Heart valve disease continues to be a significant cause of morbidity and mortality, resulting from a number of ailments including rheumatic fever and birth defects. Currently, the primary treatment of aortic valve disease is valve replacement. Worldwide, approximately 300,000 heart valve replacement surgeries are performed annually, and about one-half of these patients received mechanical heart valves, which are composed of rigid, synthetic materials. The remaining patients received bioprosthetic heart valve replacements, which utilize biologically derived tissues for flexible fluid occluding leaflets.
The most successful bioprosthetic materials for flexible leaflets are whole porcine valves and separate leaflets made from bovine pericardium stitched together to form a tri-leaflet valve. However, flexible leaflets formed of polymeric, fiber-reinforced, and other synthetic materials have also been proposed. The most common flexible leaflet valve construction includes three leaflets mounted to commissure posts around a peripheral non-expandable support structure with free edges that project toward an outflow direction and meet or coapt in the middle of the flowstream. A suture-permeable sewing ring is provided around the inflow end.

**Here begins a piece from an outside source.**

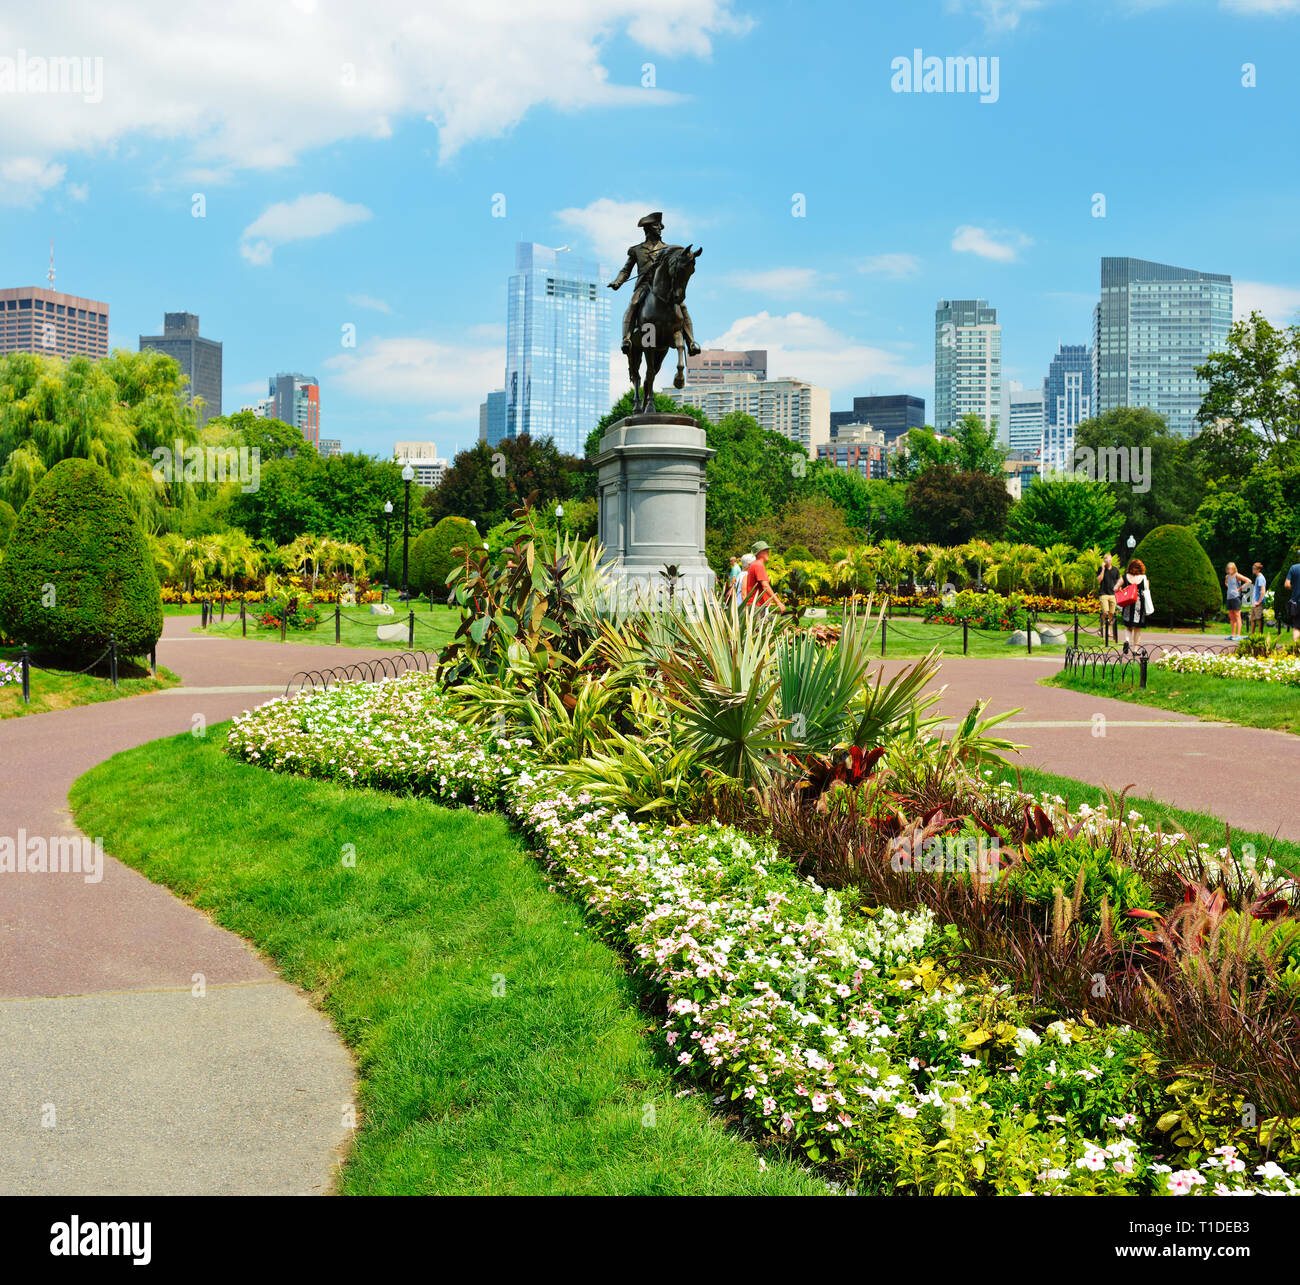 Boston Public Garden im Sommer. Gartenanlagen, Washington Statue und City Skyline im Hintergrund Stockfoto

Bioprosthetic heart valves are packaged in jars filled with preserving solution for shipping and storage prior to use in the operating theater. To minimize the possibility of damage to the relatively delicate bioprosthetic heart valves, they are stabilized with bracketing structure to prevent them from striking the inside of the jar. Prior to implantation in a patient, the valve is removed from the jar and then rinsed in a shower or immersed and agitated in a bath.
The majority of prosthetic valves are destined for either the mitral or aortic position, though to a much lesser extent tricuspid and pulmonary replacements are made. The conventional surgical delivery path for mitral and aortic replacements is from above; down the right atrium for mitral valves and down the ascending aorta for aortic valves. (Of course, these directions are relative to the upright human, and with the patient lying supine up and down become horizontal). The blood flow direction in these two positions is opposite, with blood flowing down from the right atrium through the mitral valve and into the left ventricle, and then up from the left ventricle through the aortic valve and into the ascending aorta. Therefore, the mitral valve is normally distally advanced with the inflow side up (or proximal), and the aortic valve is advanced with the outflow side up. Prosthetic valves typically have a valve holder centrally located and sutured thereto, and the holders used for both are attached to the proximal end—to the inflow sewing ring for mitral valves and to the outflow commissure tips for aortic valves—so that an attached surgical delivery handle extends proximally out of the implant site. The delivery handle usually couples to the valve holder while still in the jar and lifts the valve assembly out of the jar. Consequently, to orient the mitral valve holder facing upward in the jar the outflow leaflet commissure tips project down, while the jar orientation for aortic valves is with the inflow sewing ring extending down into the jar. Both valves are thus suspended downward from the holder into the fluid-filled jar, though inverted with respect to one another.
The valves are stabilized with various structures, including a 2- or 3-piece clip and tubular sleeve structure, such as shown in U.S. Pat. No. 6,416,547 to Erickson, et al. One function of the sleeve is to create an annular space between it and the jar for receiving a product ID tag dangling from the valve by a thread and prevent it from contacting and potentially damaging the valve leaflets. This packaging configuration is somewhat complex and time consuming to assemble and disassemble, and is somewhat limited by the aforementioned respective jar orientations for mitral and aortic valves.
In view of the foregoing, it is apparent that there is still a need in the art for alternative packaging for heart valves that enables a medical practitioner to easily and safely remove the valve, as well as attach a surgical handle thereto.